The Arab’s oar was broken, and the boat and its occupants were at the mercy of the cruel river.
Where was it taking them?
Not to the whirlpool.
That was passed long ago.
They could see it again as they looked back.
Ibrahim reached out his hand to seize a branch of a mimosa tree, but his effort was in vain.
“See, what is that? Oh, Allah!” exclaimed the Persian as he saw the face of the dead Arab close to the boat, with its eyes open, and peering into the face of the young chief.

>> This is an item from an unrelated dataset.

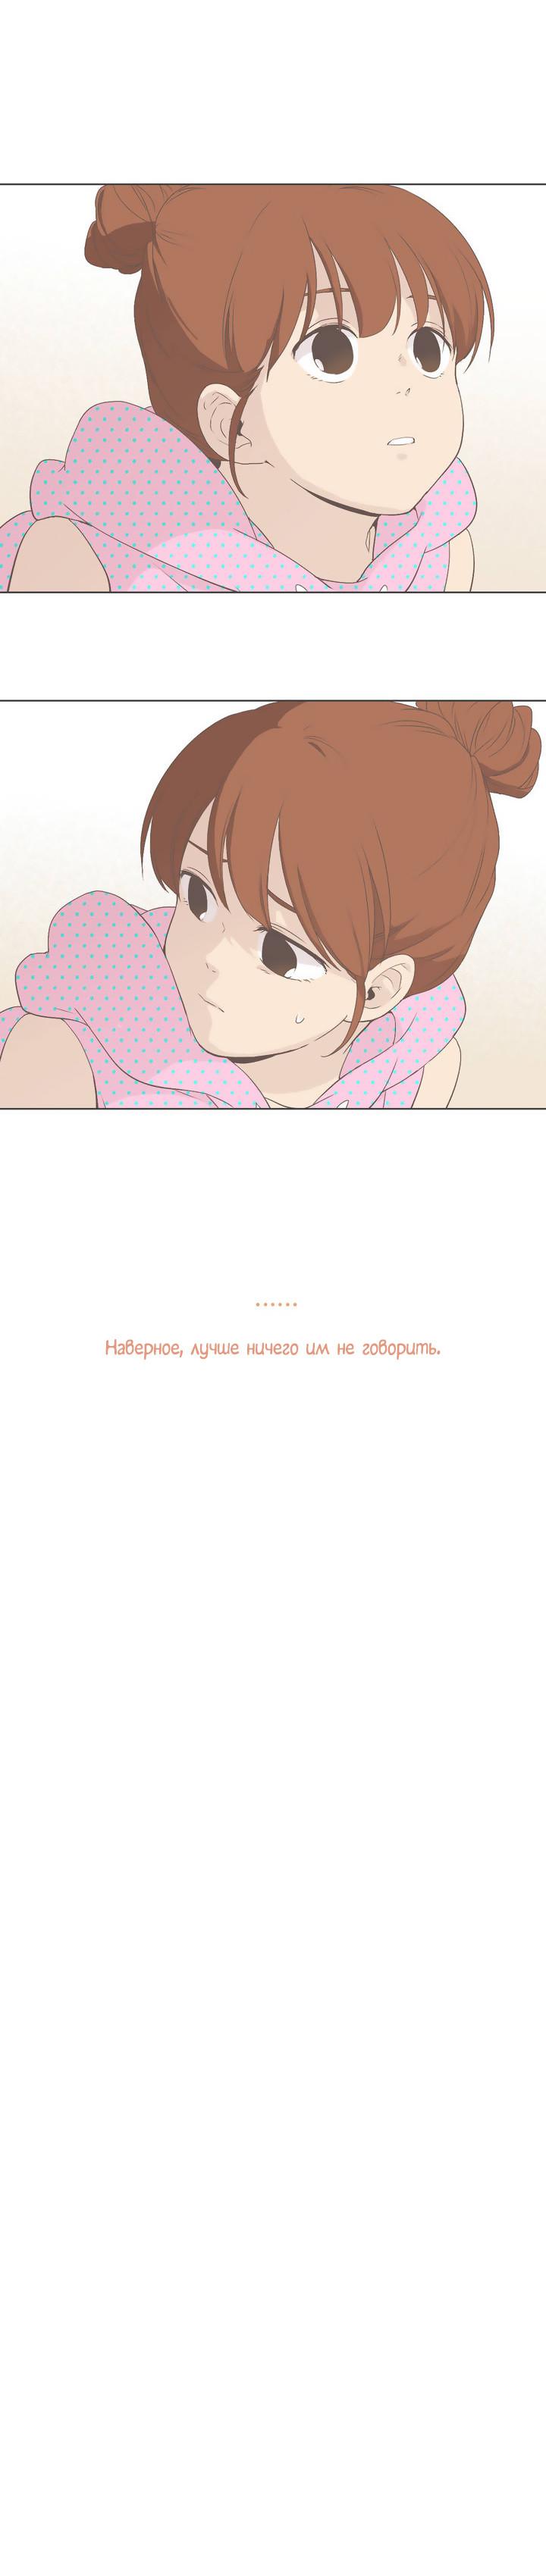 https://r1.ninemanga.com/comics/pic2/12/22860/316659/1484809974996.jpg Page 9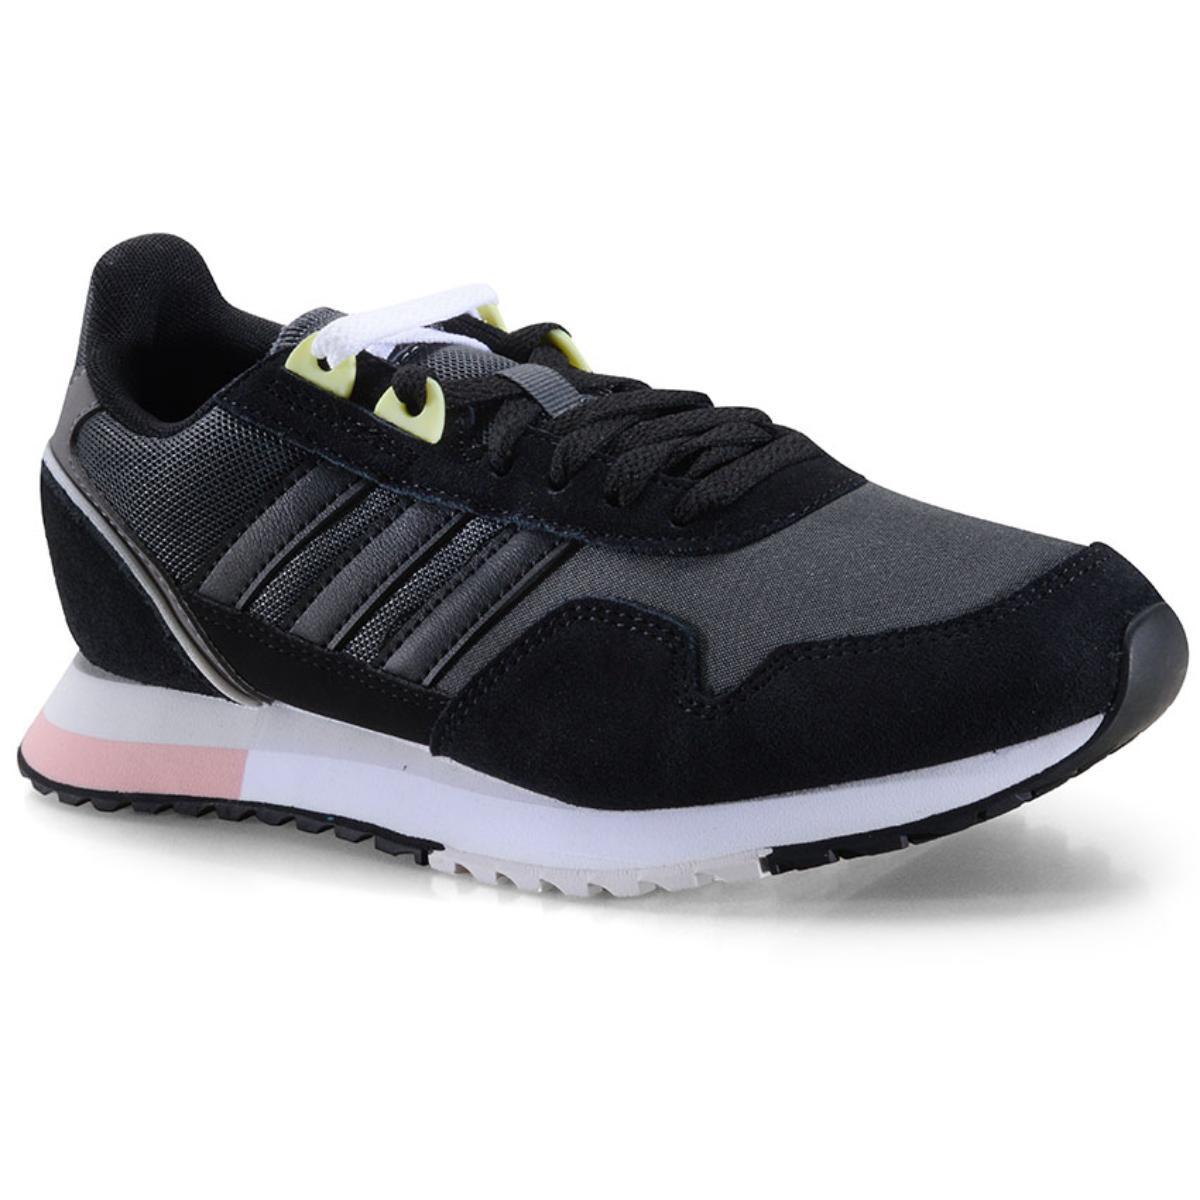 Tênis Feminino Adidas Eh1441 8k 2020 w Preto

“It is horrible!” groaned Max.
On sped the boat, faster and yet faster.
The living Arab was the picture of stoicism.
He sat erect, his arms folded, the turban on his head scarcely wrinkled; but his teeth were clinched together, and he awaited death.
Ibrahim had passed through the terror of the valley of the shadow of death, and had mentally wished his uncle farewell.
As for Max, he was occupied thinking of a way to escape.
And yet a few minutes of life only remained to them.
The water had changed to dull, heavy red in color.
All along the banks Max could see the quagmire the caravan had avoided.
But the boat sped on so rapidly that nothing definite could be noted.
It seemed the boat was going uphill, but of course that was imagination.
A few yards before them was tall marsh grass growing in the water.
“Our troubles are at an end,” gasped Max, catching his breath, as he spoke.
The boat tossed slightly.
A sudden lurch, and the small dugout, with its three occupants, was precipitated over a cataract, a seething cauldron of hissing, sputtering, bubbling water!